1) F1 inbreeding, if the offspring has four phenotypes, and the ratio is 9 3 3 1, then it can be judged that these two pairs of alleles are located on two pairs of homologous chromosomes, and their inheritance follows the law of free combination. Analysis: Because AA and BB are located on two pairs of homologous chromosomes, AABB can produce four gametes, namely AB AB AB AB=1 1 1 1, male and female gametes are randomly combined, and the offspring will appear A-B- A-BB AAB- AABB = 9 3 3 1.
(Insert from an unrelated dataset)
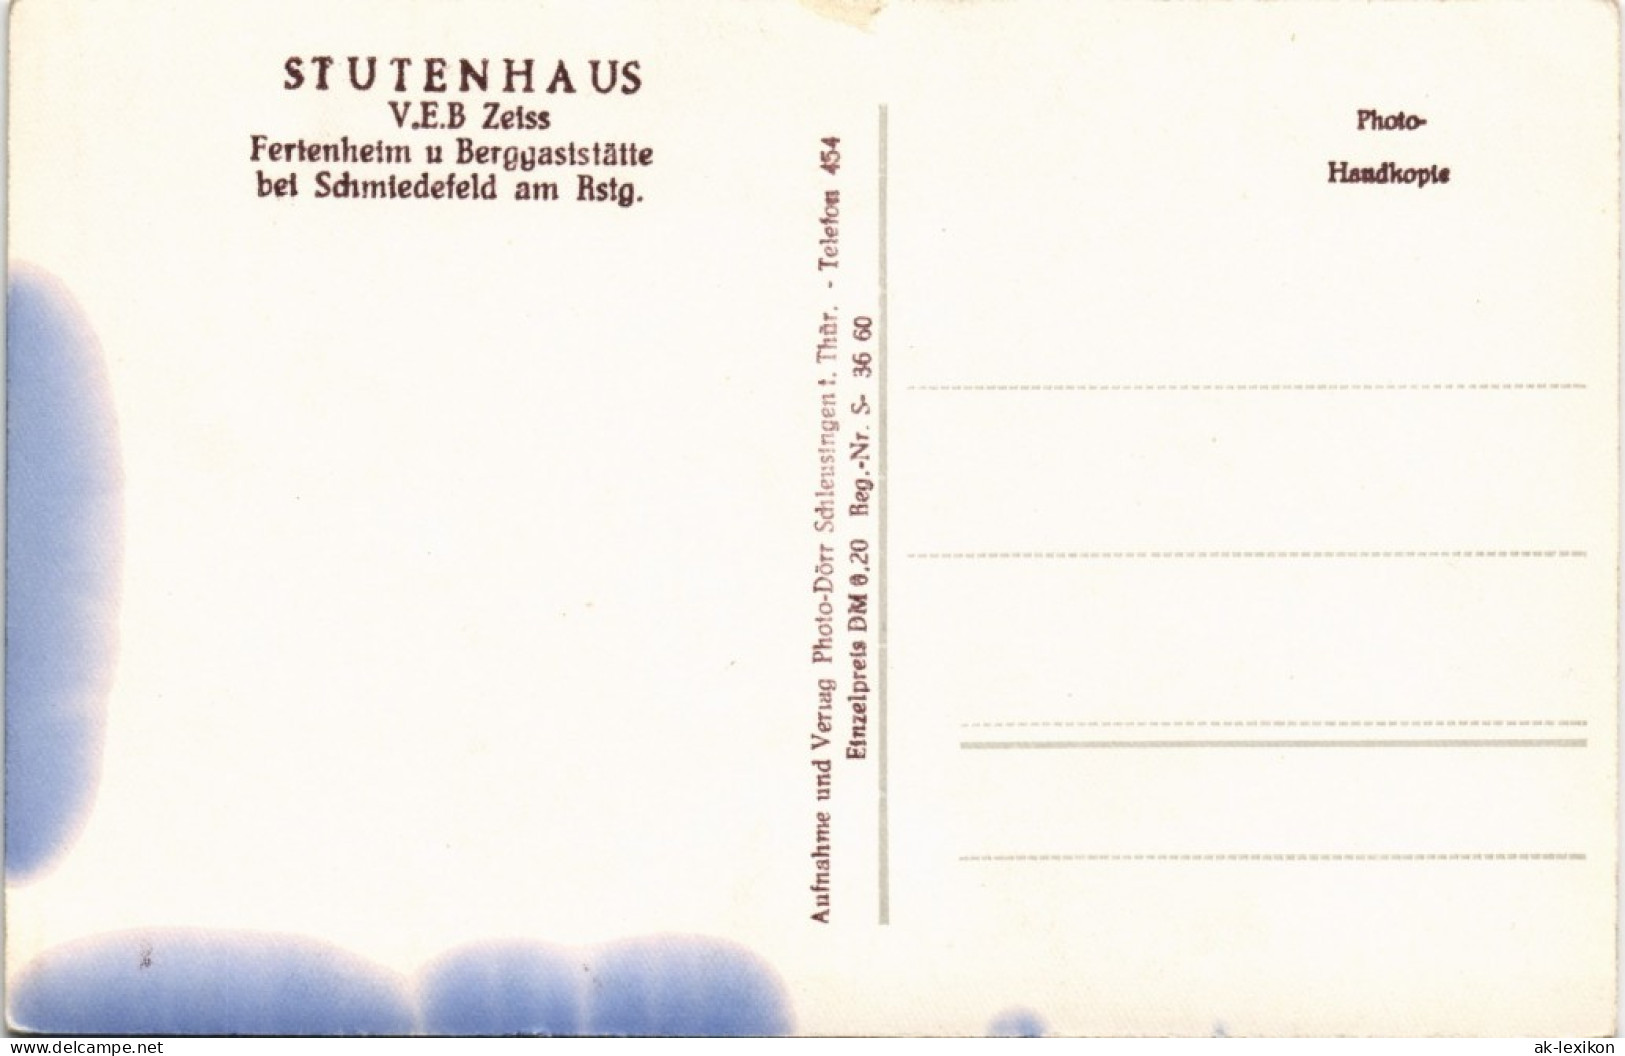 Schmiedefeld (Rennsteig) Ferienheim U Berggaststätte V.E.B Zeiss STUTENHAUS 1960 - Schmiedefeld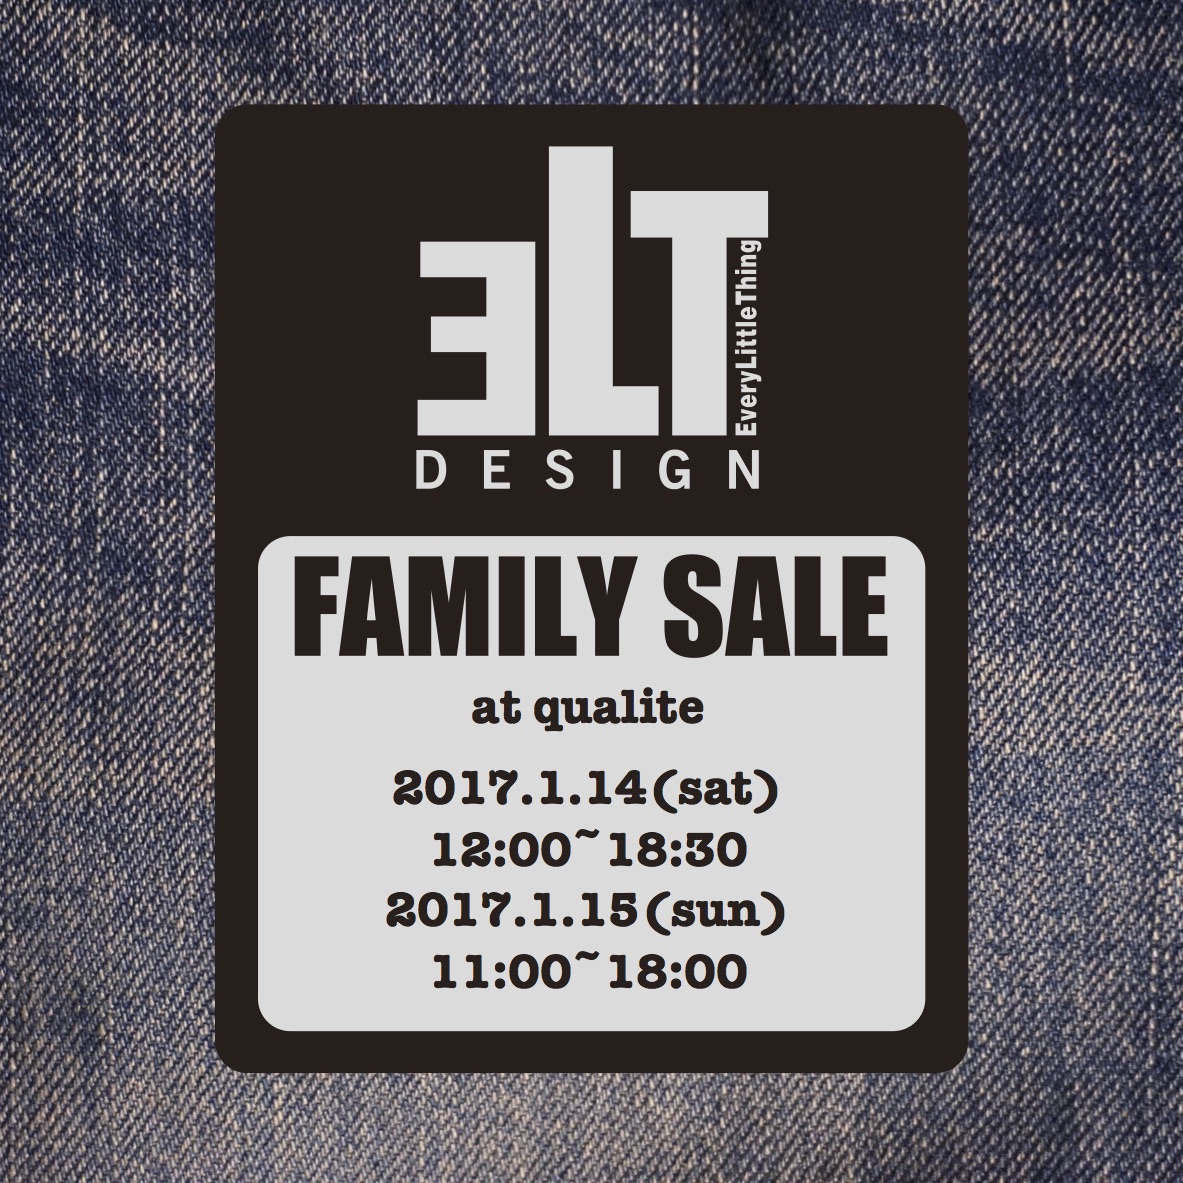 ELTdesign FAMILY SALEのお知らせです。

If this is not the case in the offspring, it is known that the two pairs of alleles are located on the same pair of homologous chromosomes, following the law of linkage inheritance. Let a and b be on one chromosome and a and b on one chromosome. There are two more cases:

One is that there is no cross-exchange, then AABB only produces two gametes, that is, ab ab=1 1, male and female gametes are randomly combined, and the offspring will appear a-b- aaabb=3 1, which is a complete linkage. One case is that cross-swapping occurs, then ABB will produce four gametes, namely AB, AB, AB, AB, AB, of which AB and AB account for the majority, and AB and AB account for the minority, so that with the random combination of male and female gametes, the offspring will also appear four phenotypes, but the traits of A-B- and AAB- will be in the majority, and the traits of A-BB and AAB- will be in the minority. This is an incomplete chain.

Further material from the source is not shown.